Reputation: 1375
what is the random_state parameter in shuffle
in sklearn.utils
? any one can explain random_state with some sample?
Upvotes: 8
Views: 17034
Reputation: 5183
Besides the cases that @Abhinav gave, the random_state can be useful in this situation: Imagine you have 2 nparrays/dataframes..., and you need to shuffle their rows the same way (For example, the first row in both arrays will be the 20th, the 2nd will be the 5th...)
You can do it by keeping the same random_state in both statements:
array1_shuffled = sklearn.utils.shuffle(array1, random_state=42)
array2_shuffled = sklearn.utils.shuffle(array2, random_state=42)
Upvotes: 2
Reputation: 3391
The shuffle
is used to shuffle your matrices randomly. Programmatically, random sequences are generated using a seed number. You are guaranteed to have the same random sequence if you use the same seed. The random_state
parameter allows you to provide this random seed to sklearn methods. This is useful because it allows you to reproduce the randomness for your development and testing purposes. So, in the shuffle
method, if I use the same random_state
with the same dataset, then I am always guaranteed to have the same shuffle. Consider the following example:
X = np.array([[1., 0.], [2., 1.], [0., 0.]])

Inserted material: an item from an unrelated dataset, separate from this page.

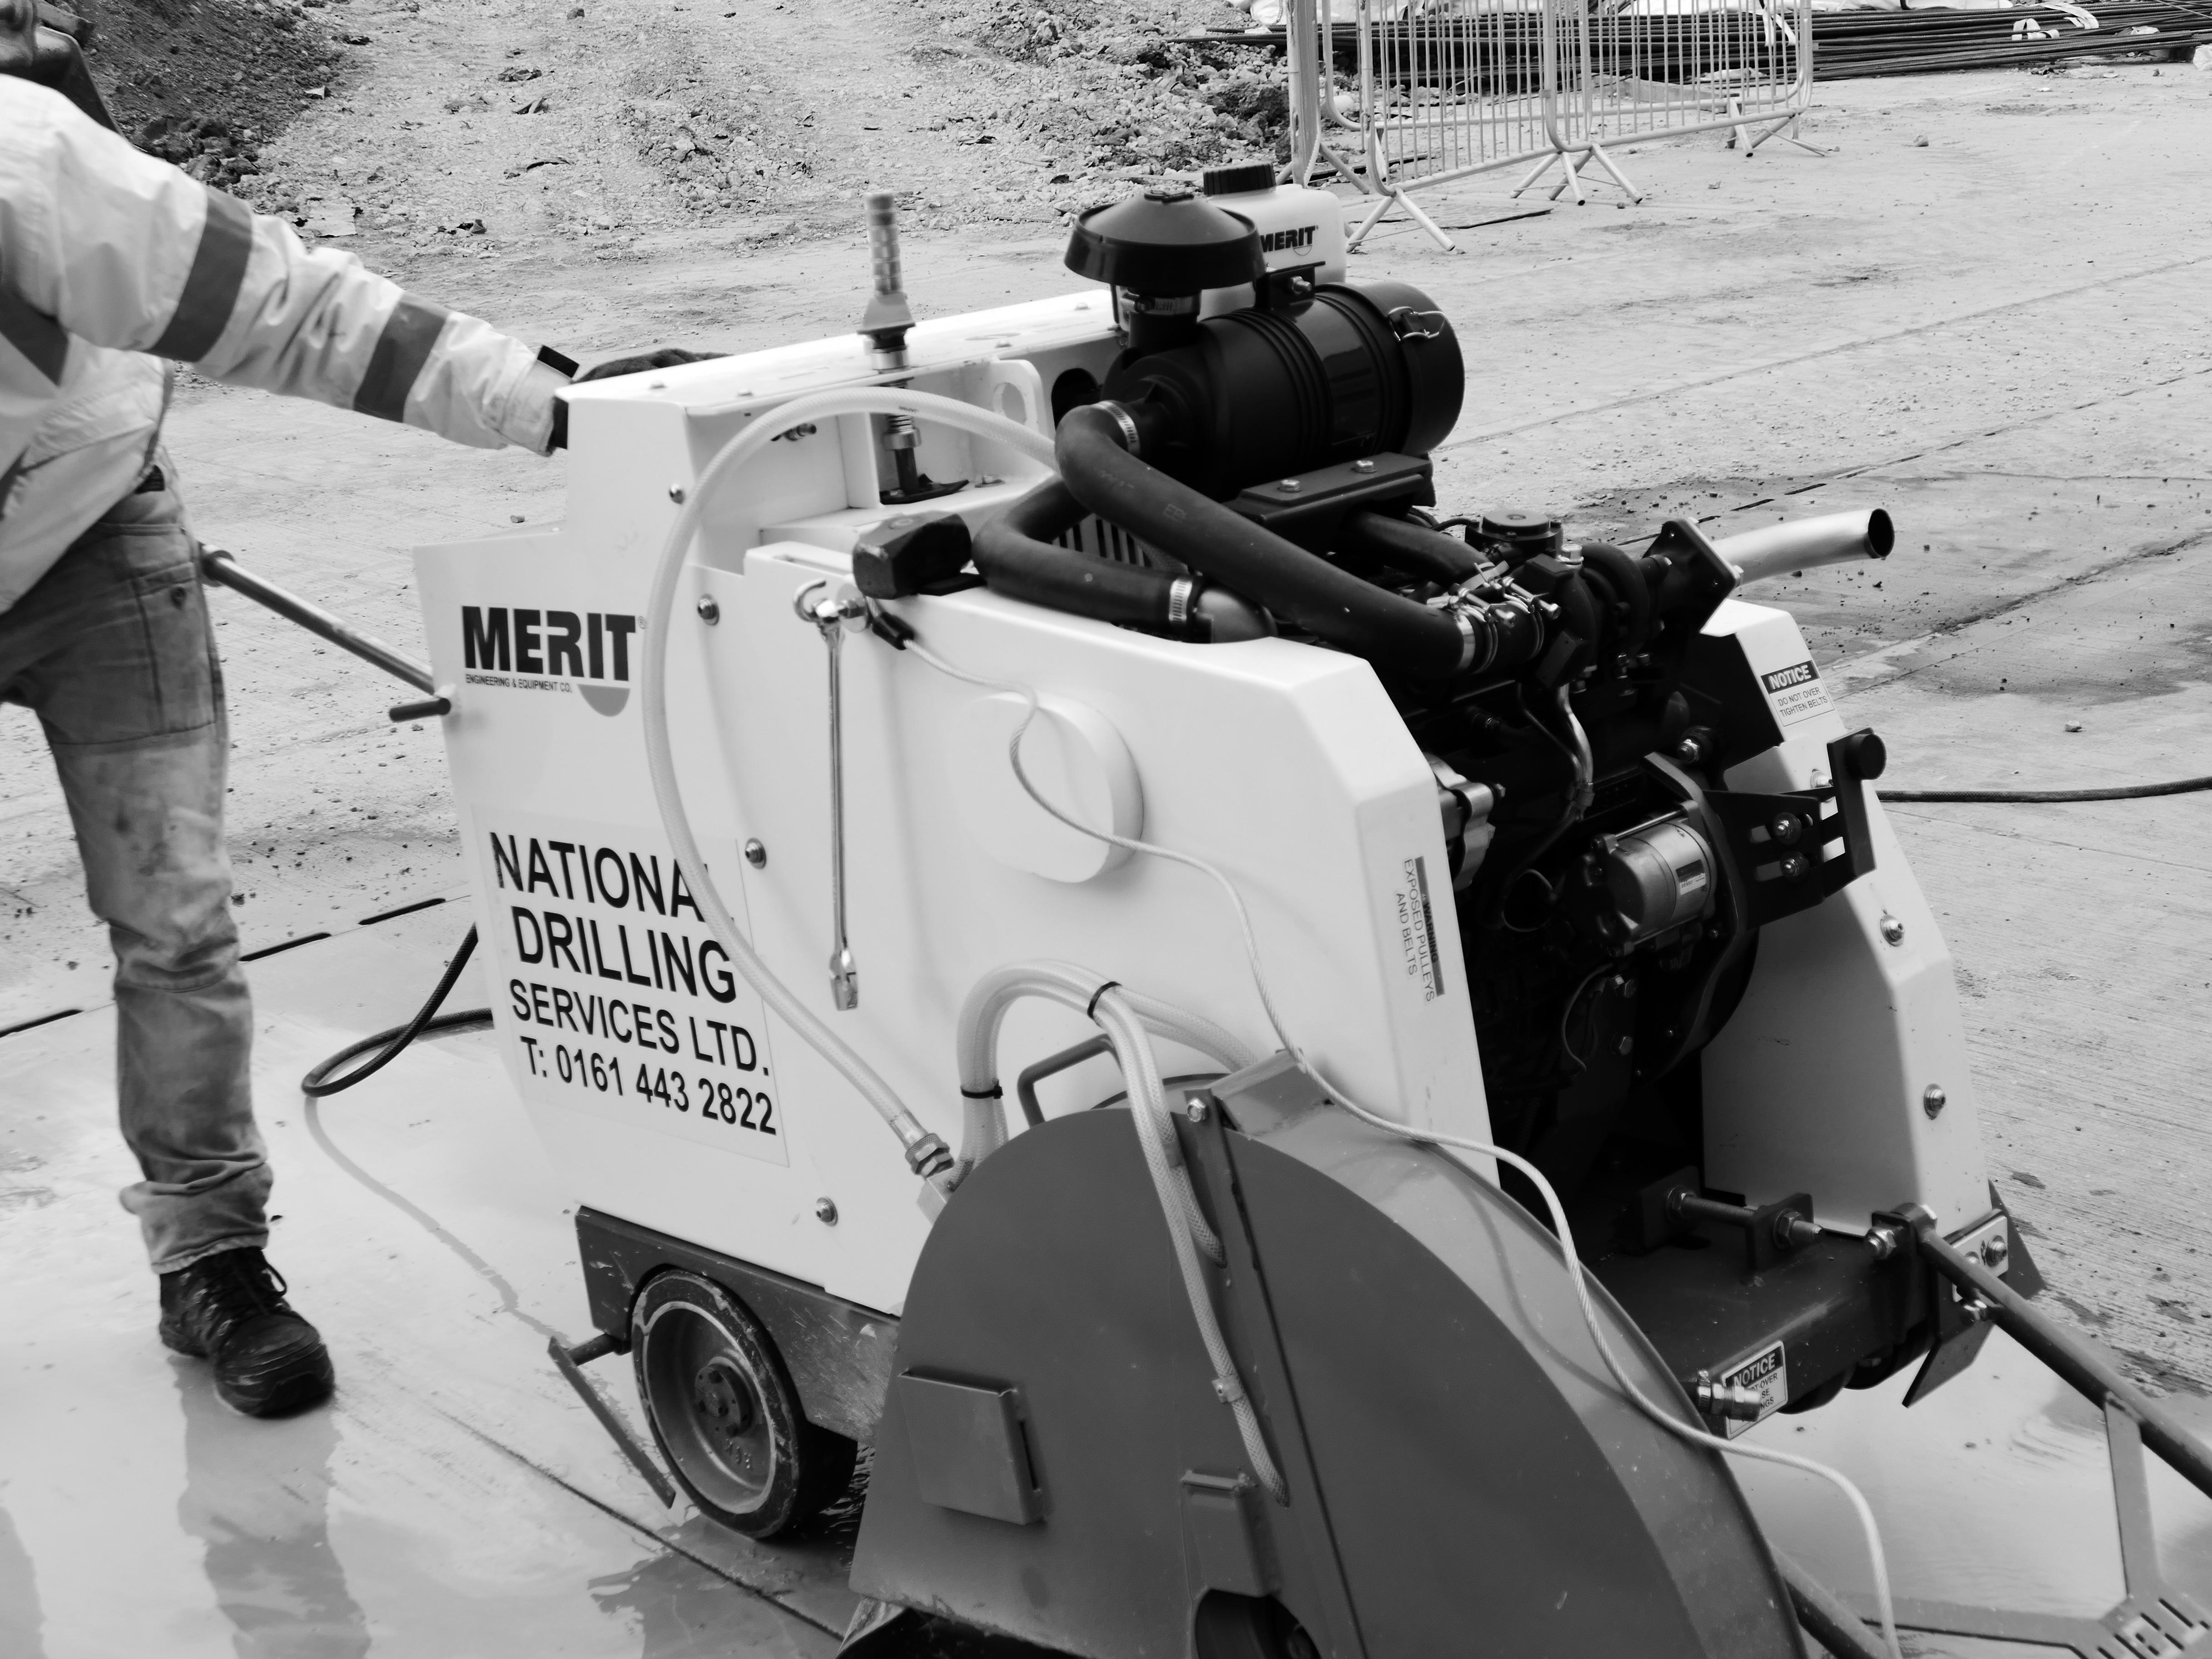 National Drilling Services Leeds Concrete Drilling Services

X = shuffle(X, random_state=20)
If this gives me the following output,
array([[ 0., 0.],
[ 2., 1.],
[ 1., 0.]])
Now, I am always guaranteed that if I use the random_state = 20
, I will always get exactly the same shuffling. This si particularly useful for unit tests, where you would like to have reproducible results for asserting your conditions being tested.
Hope that helps!
Upvotes: 21